[WHAT TO DO]:
The answer must be only the lines below from the one holding "Byt ut badbyxorna" down to the one holding "Administracja Administracja odbywa", ends included, printed exactly; please omit all pictures.

[SUPPLIED INFORMATION]:
■ ■ ■ ■

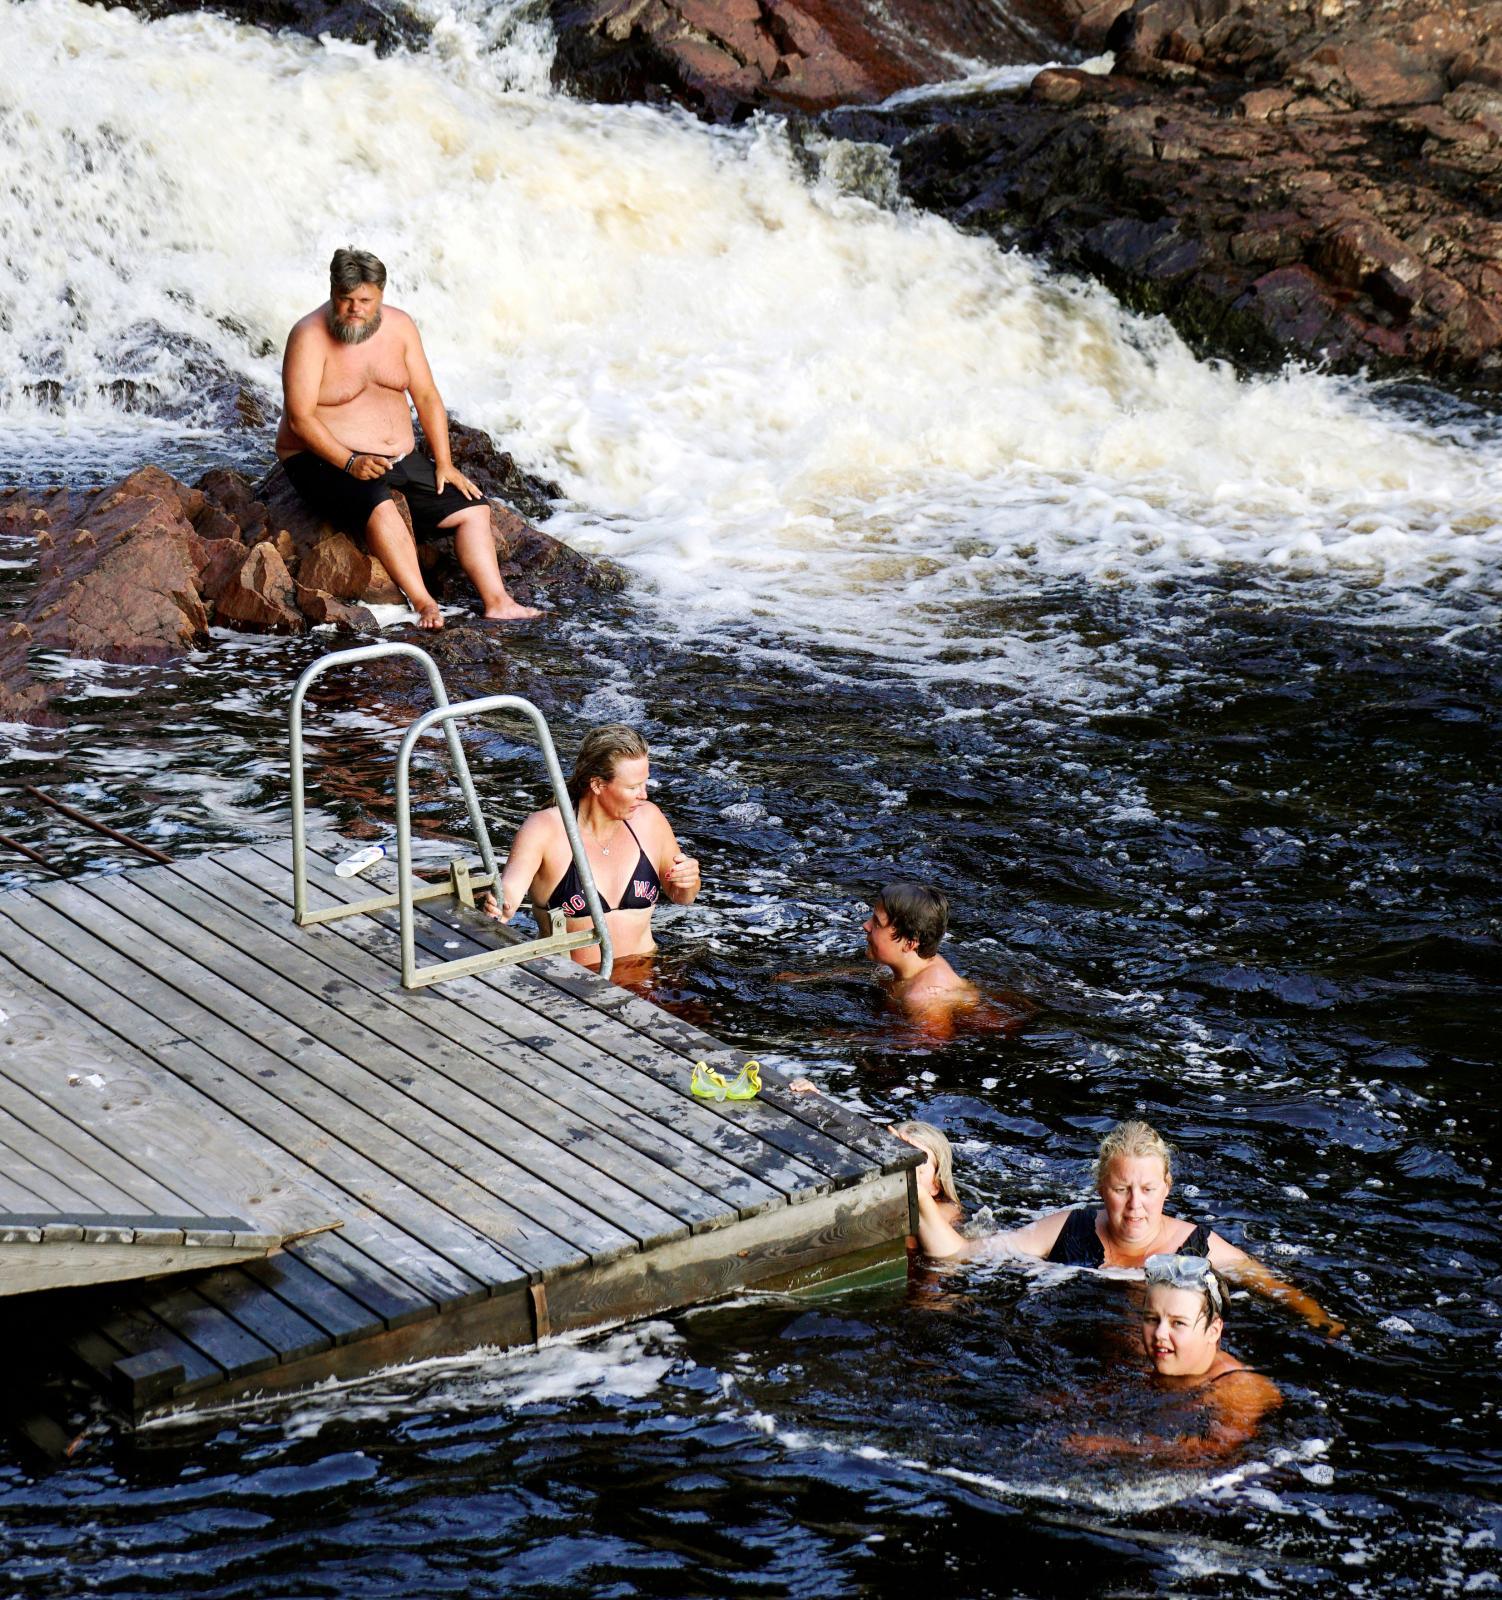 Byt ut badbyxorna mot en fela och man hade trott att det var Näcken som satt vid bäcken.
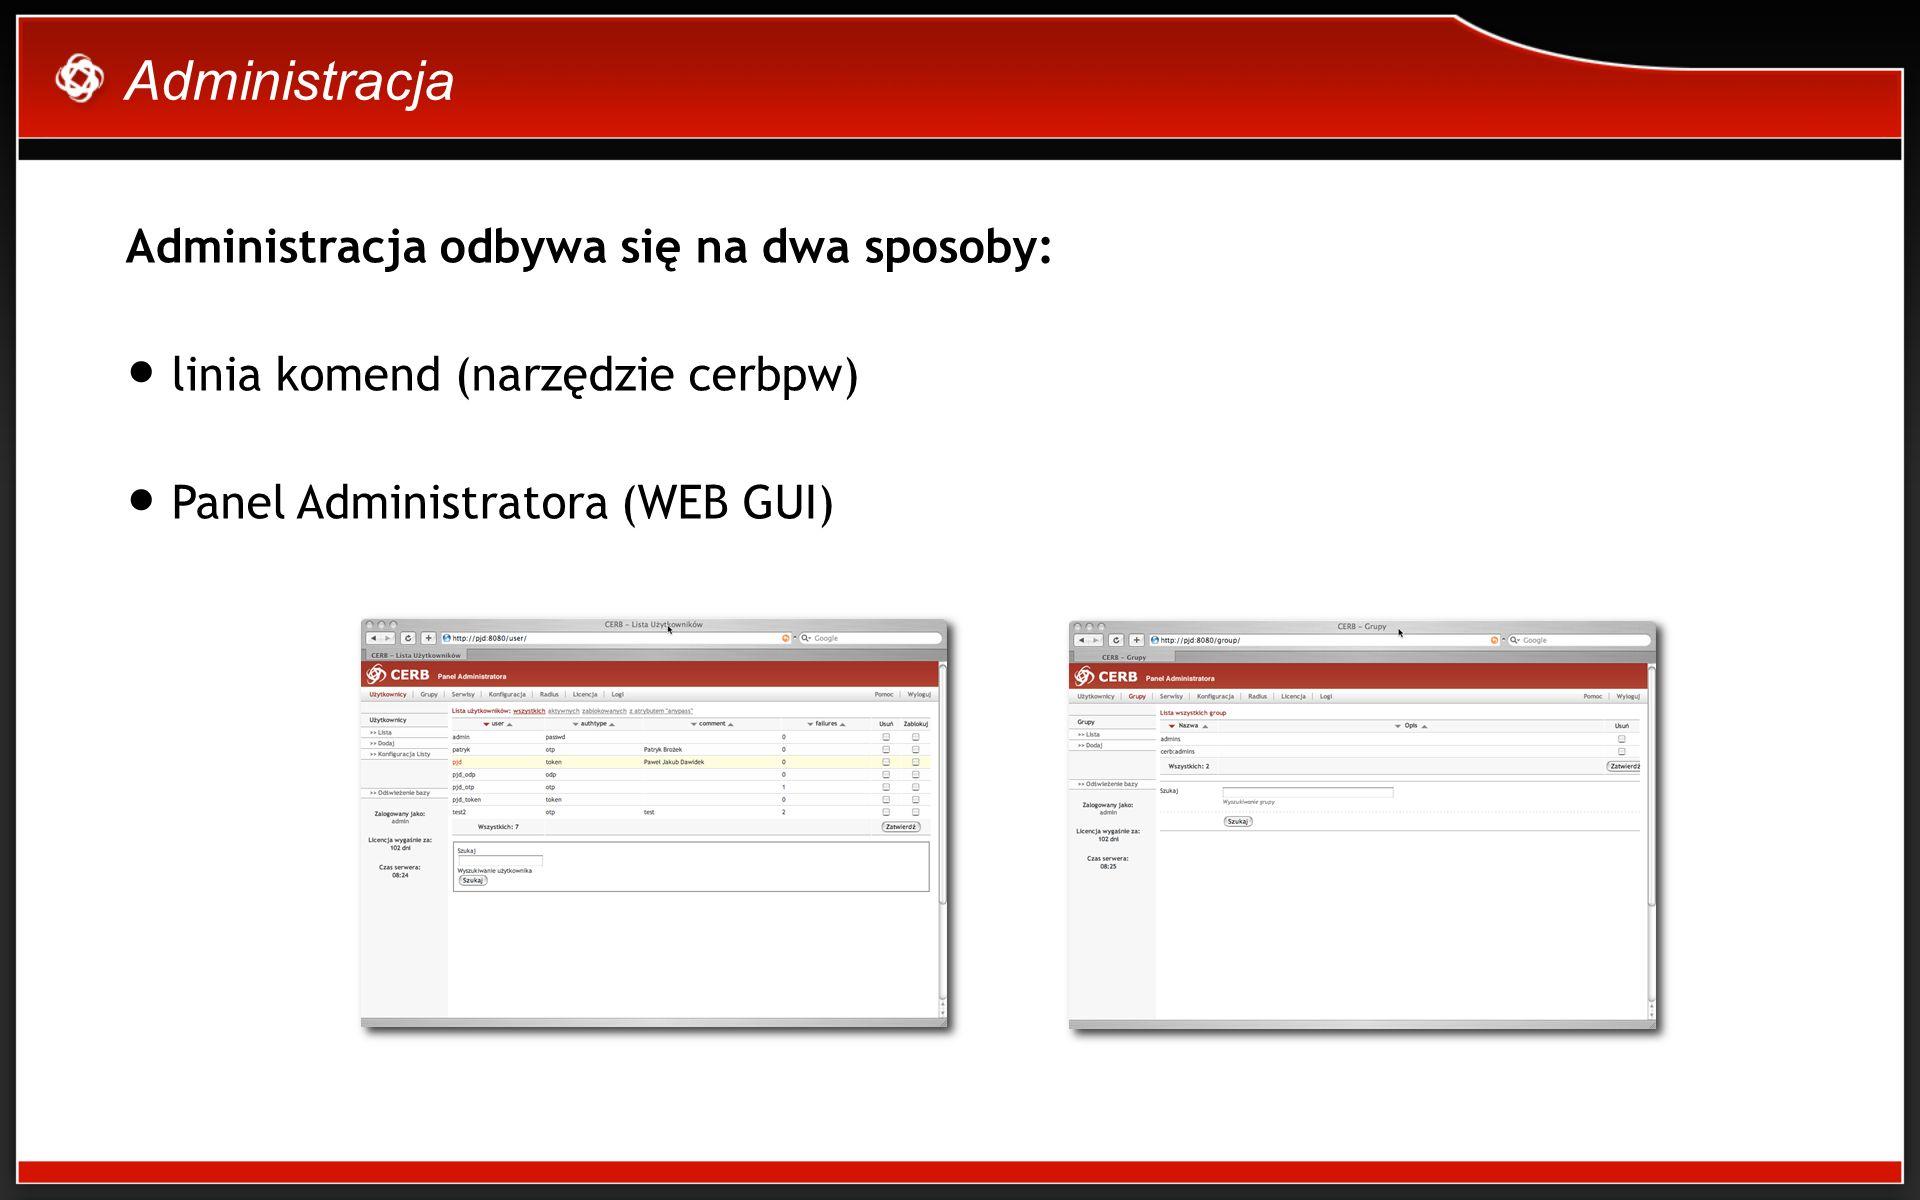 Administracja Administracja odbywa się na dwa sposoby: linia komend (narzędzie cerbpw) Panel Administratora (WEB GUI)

■ ■ ■ ■

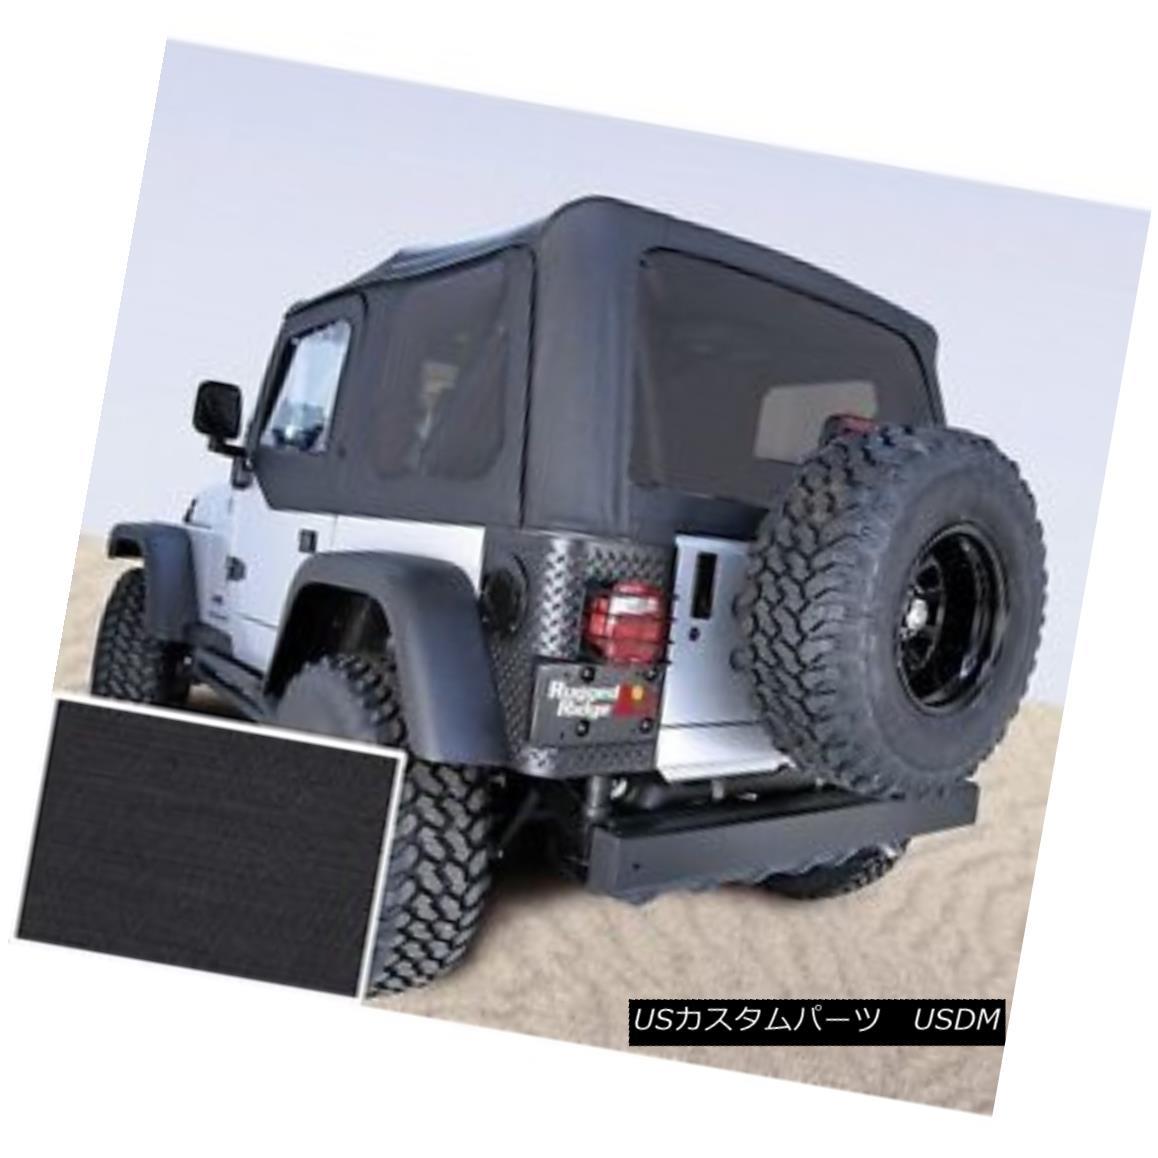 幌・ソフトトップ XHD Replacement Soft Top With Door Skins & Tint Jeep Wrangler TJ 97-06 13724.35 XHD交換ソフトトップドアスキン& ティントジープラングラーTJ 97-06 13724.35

■ ■ ■ ■

[RESULT OF THIS EXERCISE]:
 Byt ut badbyxorna mot en fela och man hade trott att det var Näcken som satt vid bäcken.
 Administracja Administracja odbywa się na dwa sposoby: linia komend (narzędzie cerbpw) Panel Administratora (WEB GUI)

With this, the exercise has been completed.